The jeans were the colour of the Mediterranean in September, of a star sapphire, of your true love’s eyes. The fit was right too: spacious through the leg without being baggy, just enough rise. The quality of the construction was obvious, the cloth supple and sturdy simultaneously.
I walked out of the changing room and told the salesperson I would take them. I didn’t even check the price; I was ready to pay up for perfect jeans. “Great,” he said, just as I looked at the tag.
$1,100.
Reader, this is how far I have fallen: I thought about it.
But I didn’t buy them. The sum is within the limit in my credit card, but far outside of what I could explain to myself, much less to my 13-year-old daughter, who is quick to ask what I paid when I show off a new purchase and has an excellent nose for lies. Once you tell your children that you have paid $1,100 for jeans, the right to lecture your offspring about the value of money — that most time-honoured and pleasurable prerogative of fatherhood — is forfeit.
And yet. How much time do we spend in jeans? Is any price too high, if they make you feel like Robert Redford? How much longer might a pair from 45R — the ultra high-quality Japanese brand, whose New York store was the site of my brush with insanity — last than a pair of Levi’s? These had been soaked for two weeks in natural indigo, the salesman explained a little guiltily, as he put my pair neatly back into the display. We all pay for pleasure, in any number of forms. Who is to say, categorically, how much is too much?
I have spent more than $1,100 on a suit. I have paid, without flinching, over $700 for shoes and may do so again (those Alden long-wings in black cordovan, $846; my heart goes pitter-pat!). I’ve paid $750 for a winter coat (it was on sale!) at Paul Stuart. For some reason, though, I can excuse those purchases. Coats and shoes, properly cared for, do last a long time. Suits are really two items, not one, so you can divide the price by two.
Desperate style addicts, struggling to silence the little voice telling them that they have a problem, have an excuse at hand. “Buy quality, buy once,” they say, “It’s an investment piece.” Nice try; it won’t do. Yes, you are probably saving money over a lifetime when you go from the $100 cashmere sweater to the $400 one, if you shop carefully and care for your clothes. Similarly, the difference between an $800 department store suit and what you can buy for $1,600 is immense. But multiply those higher prices by two again and you are not getting twice the quality. Not even close.
No one has ever economised by buying the very best. People who talk about how they have worn their Savile Row suits for 30 years have a closet full of them and rotate. Everything that is worn wears out.
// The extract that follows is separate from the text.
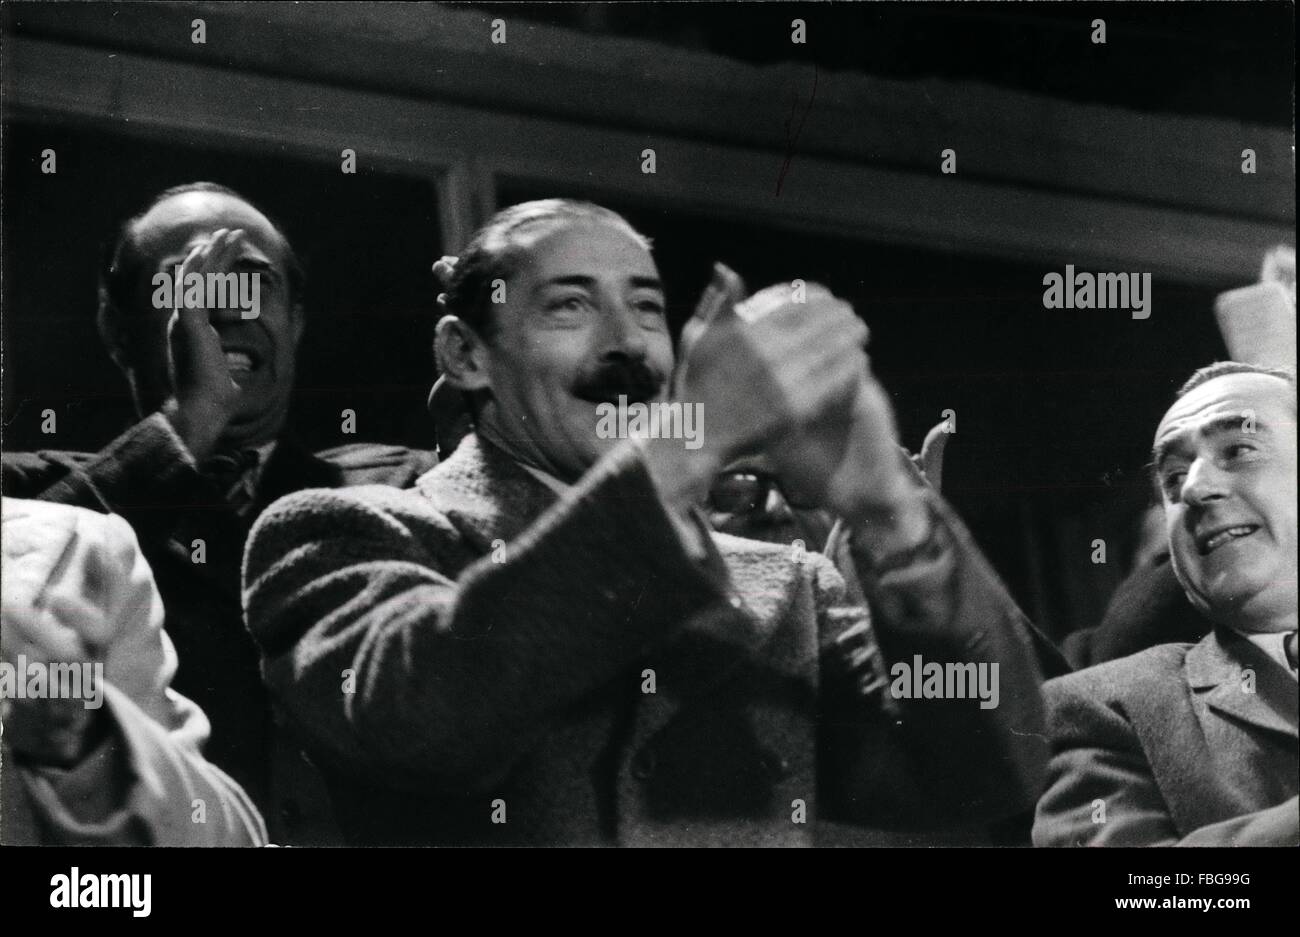 1967 - President Videla assisting recent world soccer championship in Argentina; He (center) applauds during one favourable moment when Argentina's National team obtained a goal. At right is another member of the military Junta, Brigadier General Orlando Ramon Agosti, also comparting the pleasure of the lucky moment. © Keystone Pictures USA/ZUMAPRESS.com/Alamy Live News Stock Photo

There are two reasons to buy really good clothes: because they look fantastic, and to show how rich you are, either in money or in culture. Of course, the second reason (which may get a hold of us all at one time or another) is contemptible. But it is wrong to reduce the desire to dress beautifully to a demonstration of status. Dressing well is an art and pastime, and its critics are nothing but cretins and reverse snobs. Good food, good music, good design, the visual arts, sport — all of these things cost money, in one way or another. We should all share more of our superfluities with those who lack necessities. But sorting our pleasures into the shallow and vain on one hand and the deep and sophisticated on the other is, for the most part, an empty and ugly exercise.
That said, even legitimate pleasure can tip over into self-indulgence and selfishness. I cannot justify $1,100 jeans or, say, a $9,000 Kiton sports jacket. Simply not having the money makes the decision easy. But more to the point, I could not justify these things even if I had the dough.
There are harder cases. I dream of an Anderson & Sheppard suit, at $6,000, a $600 Charvet shirt, and John Lofgren motorcycle boots, at $1,200. I might enjoy them enough. Or maybe they are just gross. There is such a thing as too much. I just don’t know where to draw the line.